I say all that because it seems like we’re on course to compress more and more gravity into more and more sound bites (or video bites) with less and less impact to really change us from within. I mean really, if the media can flood us with enough rapid fire info streaming at 10mbps plus, is it even possible to soak in the depth of meaning behind any of it? When you compress gravity so much, doesn't it turn into a black-hole?

For that matter, even as I type these words my son and a friend are in the family room playing xbox360 at thumb-eye-and-brain speeds that even Evelyn Wood could have never imagined possible. But are they better off for it?

With attention spans shrinking year after year and the gravity of global events getting greater and greater, will the next generation even have time to ponder things like the long term effects of battery powered cars or nuclear weapons small enough to make it into the class room some day?

If all we are is a culture that is texting and sound biting, is there any hope for real relationships and contemplation over the bigger things in life? I wonder?

The days of people getting one or two bits of information regarding a topic and then allowing that info to percolate and assimilate into minds that were taught to think and process with wisdom and foresight may all but be over.

The Value of Stopping

My final thought for the moment, before I fire up the grill is this. Since many parents have ceased using the word “no” or “stop” when they communicate with their little ones, and anything goes and very often does. My concern is a generation that has no understanding of the value of stopping. Go, go, go seems to be the mantra for all too many families today.

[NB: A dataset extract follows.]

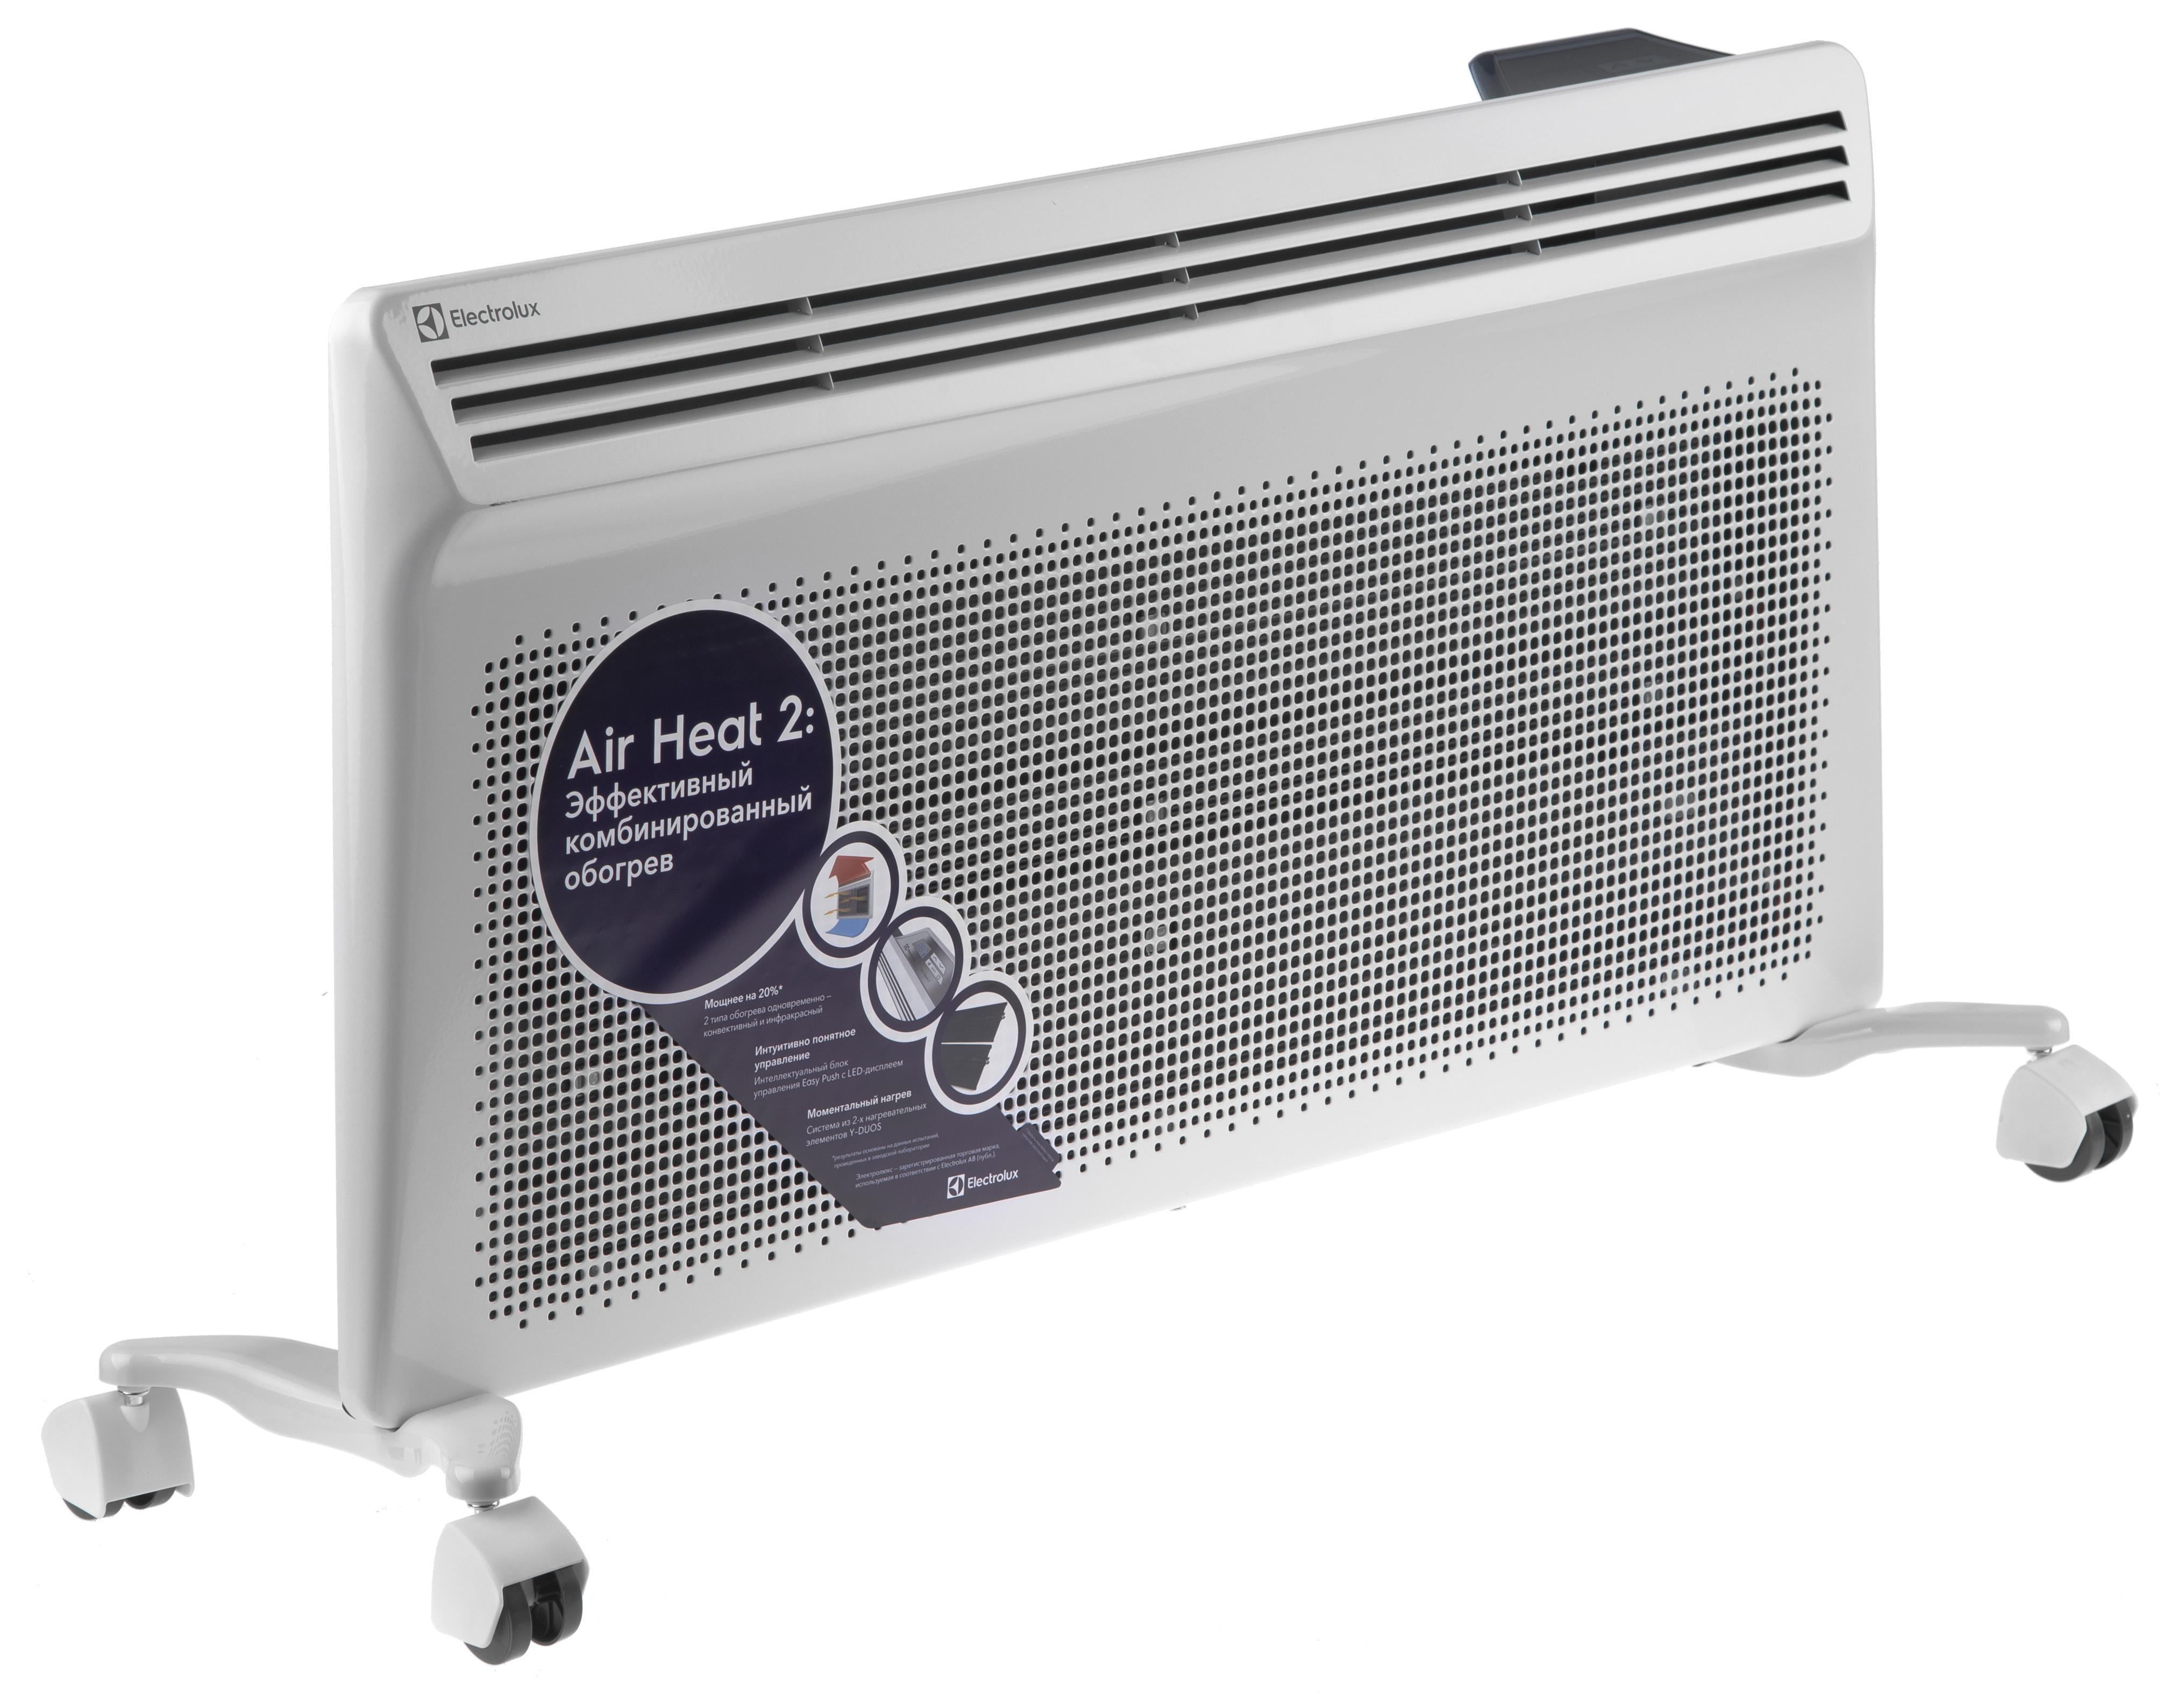 Конвектор Electrolux Eih/ag2 – 2000  (НС-1042067)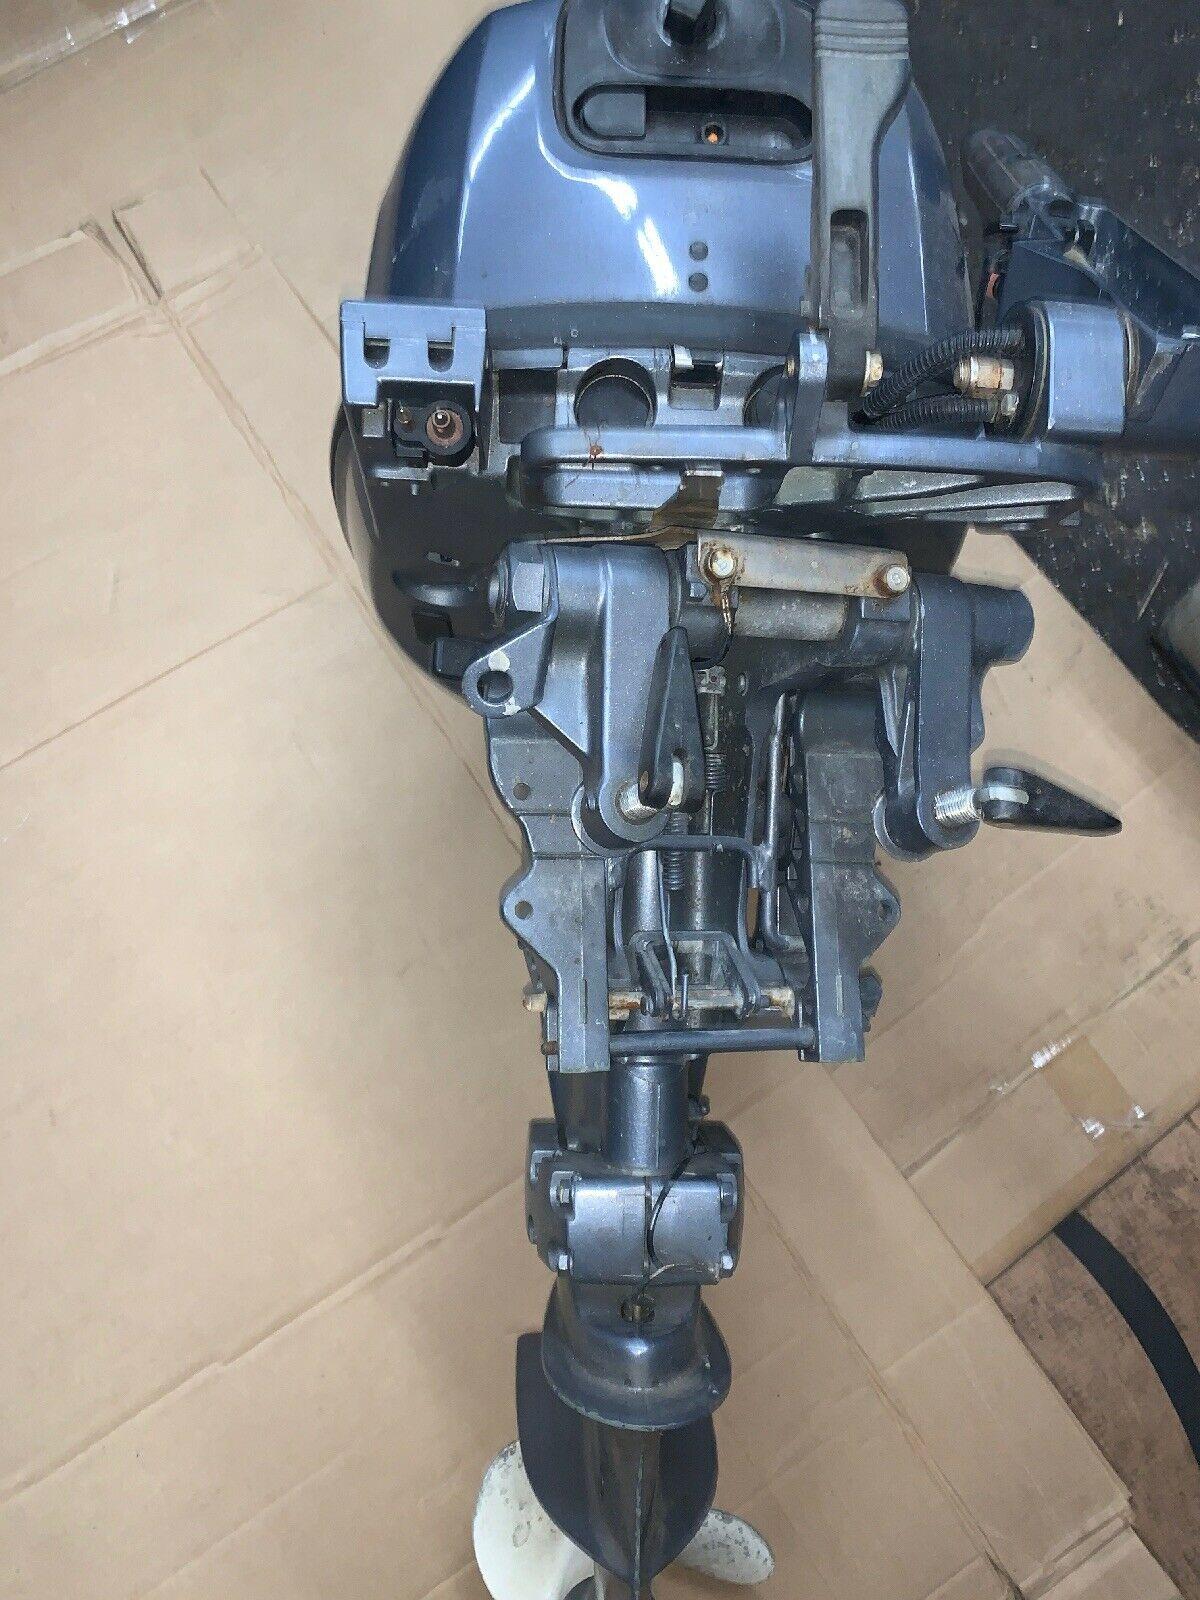 "2000 Yamaha 4 Stroke 15 HP Εξωλέμβιος Ναυτικός Κινητήρας 15 ""άξονας"

Will there be anyone left who simply stops and takes time to listen, to smell, to observe, to wait, to be quiet, to think, to rest? I could go on but I won’t.

Let me close with this. Stop. Rest. Think. Listen. And by all means try not to live on sound bites and Red Bull. Remember man does not live on bread alone, but on EVERY WORD that is vital to life. Not just the blur of ones and zeros that fly through the air as we carelessly go about life. Remember that every word matters. Every event matters. Every person matters. Every second matters.